1. `T.Resize(int(IMGSZ * 1.15))`
   - Directly resize to 343×343 (no randomness)

2. `T.CenterCrop(IMGSZ)`
   - Crops center 299×299 region (deterministic, no randomness)
   - **Why center?** Most important part of image usually in center; consistent evaluation

3. `T.ToTensor()` — Same as train

4. `T.Normalize([0.485, 0.456, 0.406], [0.229, 0.224, 0.225])` — Same as train

**Key difference:** Training uses augmentation (random crops, color jitter, flips) to artificially expand the dataset; val/test use deterministic transforms for reproducible evaluation.

In [None]:

train_tfms = T.Compose([

    T.Resize(int(IMGSZ * 1.15)),
    T.RandomResizedCrop(IMGSZ, scale=(0.8, 1.0), ratio=(0.8, 1.2)),
    T.RandomHorizontalFlip(),
    T.ColorJitter(brightness=0.15, contrast=0.15, saturation=0.1, hue=0.05),
    T.ToTensor(),
    T.Normalize(mean=[0.485, 0.456, 0.406], std=[0.229, 0.224, 0.225]),
])


val_tfms = T.Compose([
    T.Resize(int(IMGSZ * 1.15)),
    T.CenterCrop(IMGSZ),
    T.ToTensor(),
    T.Normalize(mean=[0.485, 0.456, 0.406], std=[0.229, 0.224, 0.225]),
])

### Cell 15: Train/Validation Split and DataLoaders — Detailed Breakdown

**What this cell does:** Splits train data into training (80%) and validation (20%) sets while keeping all crops from the same image together, then creates efficient data loaders.

**Why split?** We need:
- **Training set:** To update model weights
- **Validation set:** To check if model generalizes (not just memorizing training data)
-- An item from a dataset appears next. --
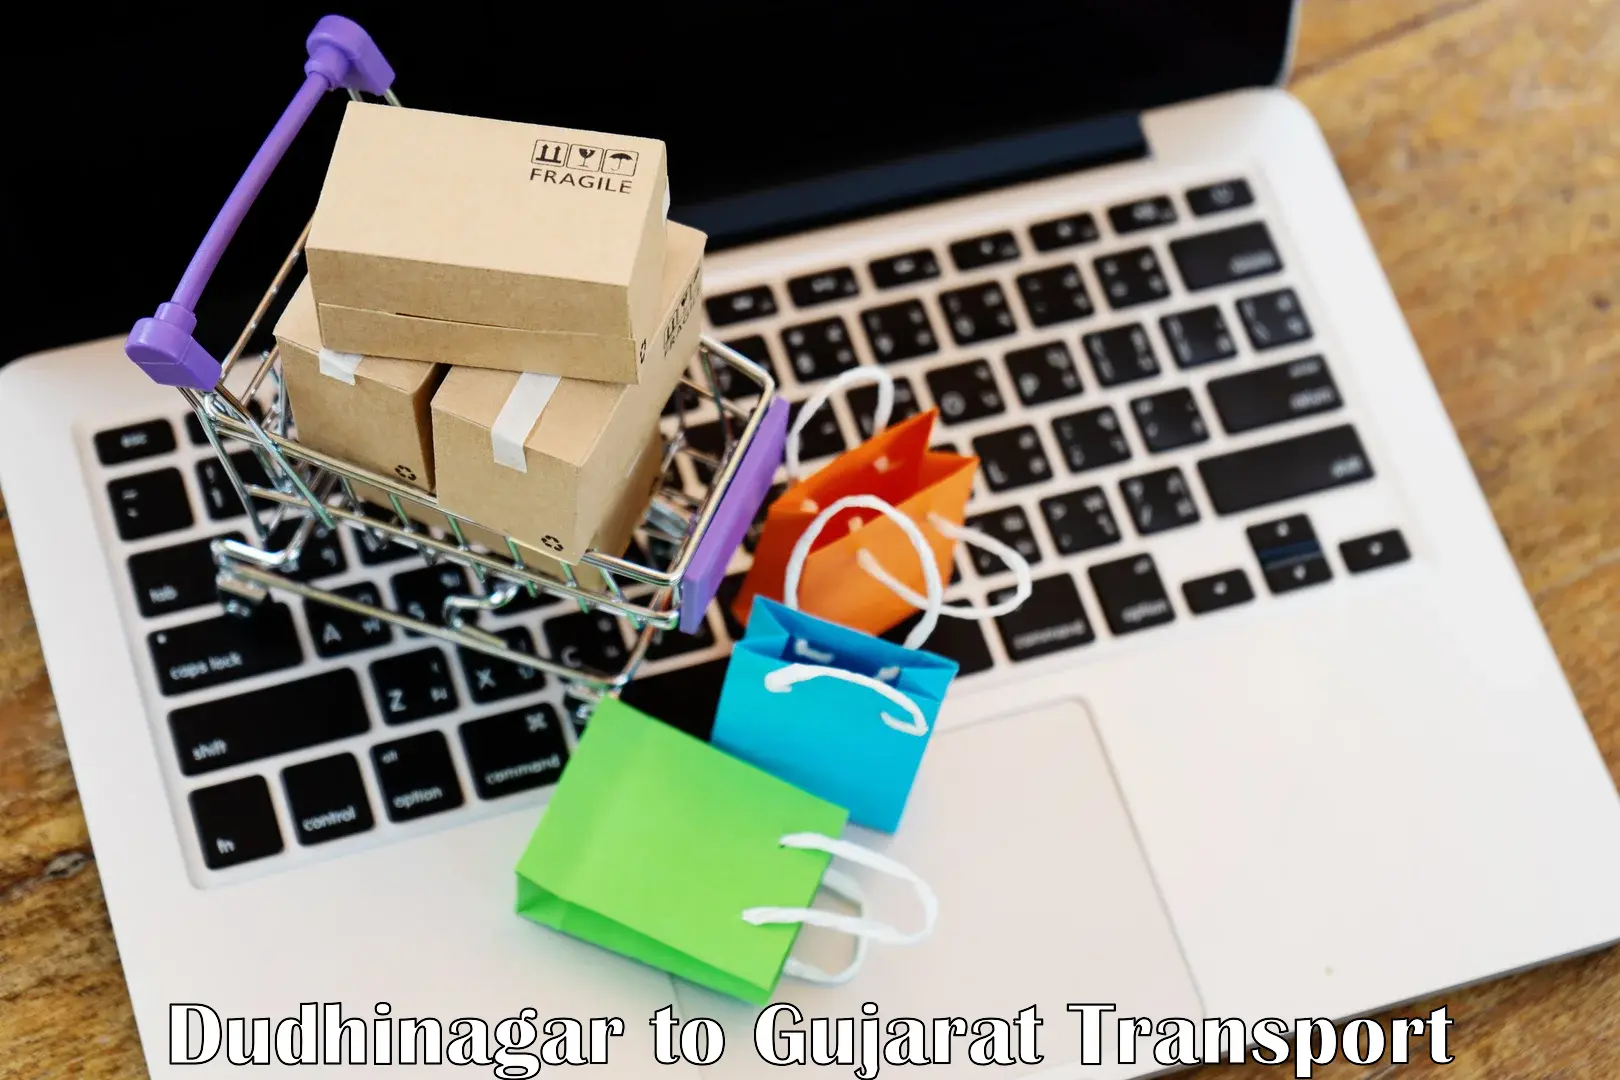 Commercial transport service Dudhinagar to Kalol Gujarat

**Critical constraint:** Same image can have multiple crops (multiple pigs). We MUST keep all crops from one image in the same split (train OR val, never both) to prevent data leakage.

**Step 1: Grouped Split**

1. `splitter = GroupShuffleSplit(test_size=0.2, n_splits=1, random_state=SEED)`
   - **Class:** scikit-learn's GroupShuffleSplit
   - **test_size=0.2:** 20% of data goes to validation (80% to training)
   - **n_splits=1:** Only create 1 split (we just need 1 train/val partition)
   - **random_state=SEED:** Reproducible split (same split every run with same seed)
   - **Key feature:** Respects groups—keeps all samples with same group ID together

2. `train_idx, val_idx = next(splitter.split(train_df, groups=train_df['image_id']))`
   - **`split(...)`:** Generates train/val indices
   - **`groups=train_df['image_id']`:** Group by image_id (e.g., `00000001.jpg`)
     - All rows with `image_id='00000001.jpg'` stay together
     - If `00000001.jpg` has 3 pig crops, all 3 go to train OR all 3 go to val
   - **`next(...)`:** Get the first (and only) split
   - **Result:** `train_idx` = array of row indices for training, `val_idx` = array for validation

3. `train_split = train_df.iloc[train_idx].copy()`
   - Select rows at train_idx positions
   - `.copy()` creates independent DataFrame (avoid SettingWithCopyWarning)
   - **Result:** ~12.8k rows (80% of 16k)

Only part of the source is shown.